My first two books about dinosaurs, If The Dinosaurs Came Back and Whatever Happened To The Dinosaurs? were just pure fun. Dinosaur Cousins? was my first book where I combined fact with fun.
After reading more about the dinosaurs, I was becoming hooked on them. I wondered just like in my opening spread: "Whenever I go to the zoo, or read a book about animals, I see so many animals that remind me of dinosaurs. I wonder... Are they dinosaur cousins?"
When I looked at a rhinoceros, it reminded me of a triceratops. When I looked at an ostrich, it reminded me of a struthiomimus. I kept finding similarities between many animals and dinosaurs. A new theory that was just starting to be talked about was that birds are dinosaur cousins, and this captured my imagination.
Dinosaur Cousins? was also my first full-color book. In my earlier books I was limited to two or three flat colors because full-color was too expensive. But my publisher, Harcourt Brace, found a way to produce high-quality full-color books at much lower costs.
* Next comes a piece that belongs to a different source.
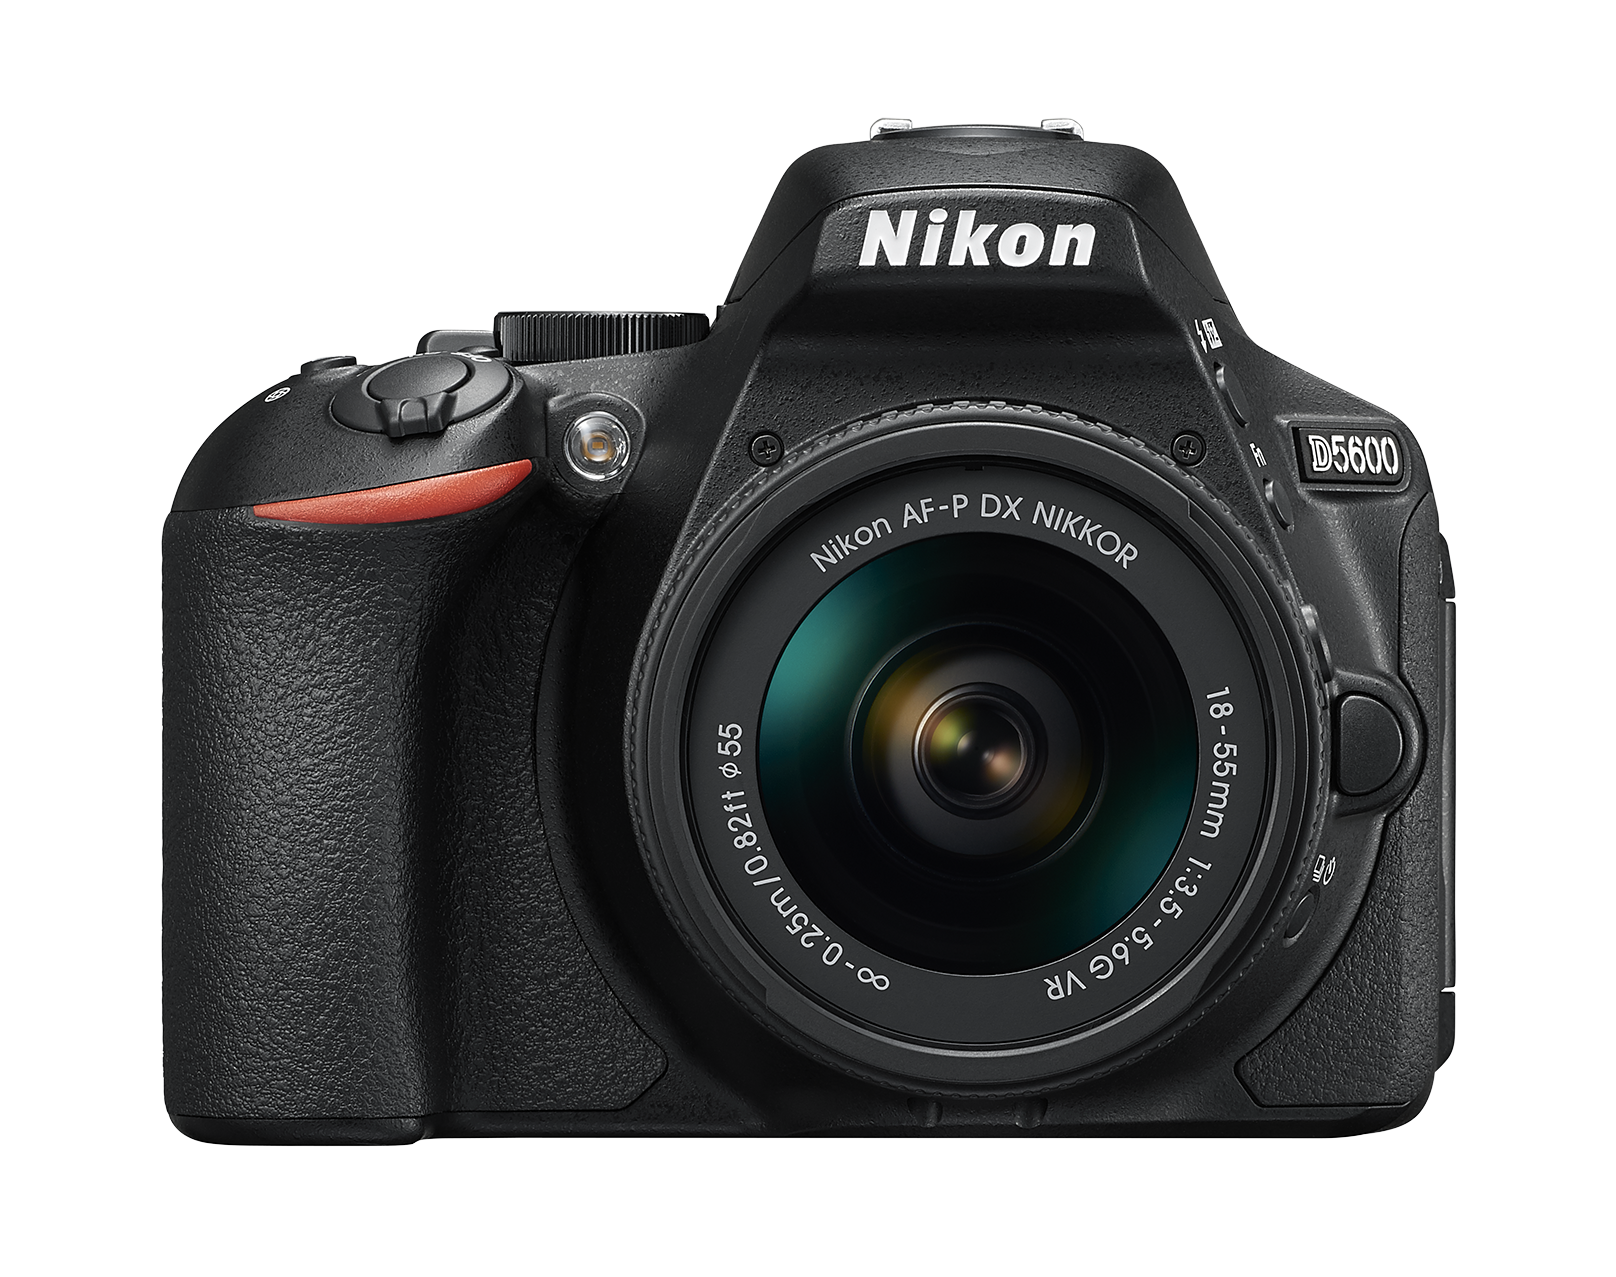 Mucama limpiar preferir Nikon: Cámaras digitales, objetivos y accesorios para fotografía

While working on the final full-color artwork for Dinosaur Cousins?, I made many discoveries, some I call "happy accidents." I was using permanent markers to color my illustrations, which were created with a felt-tipped pen. I made a mistake and tried to correct a color by going over it with another color. I liked the effect I got, and I tried experimenting. I noticed that lighter colors were good for blending, and then I wondered if there was such a thing as a wet marker without color to help me blend. When I went to several art supply stores looking for such a marker, I was told they didn't exist.
I almost gave up, but I tried another store. They had "color blenders." I bought a bunch and had a ball finishing my final artwork. In fact, when I sent the final art to Harcourt in San Diego, they called me to tell me how excited they were with my color effects. Their art department wondered how I did it!
Since that first full-color book, I have learned more and more about color and using this blending technique that I "blundered" into. So when children ask me "How do you do what you do?", I answer, "Many times I don't know what I am doing. I just keep at it, experimenting with my words and my pictures and not being afraid of failing, because I am learning as I am doing."
I dedicated my first full-color book to my father, who was a housepainter and had a great sense of color. He taught me much about color.
I am very proud of winning the Washington Irving Children's Choice Award for Dinosaur Cousins?. Readers from kindergarten to fifth grade voted for it as their favorite book. It boggles my mind that Dinosaur Cousins? could appeal to such a span of ages!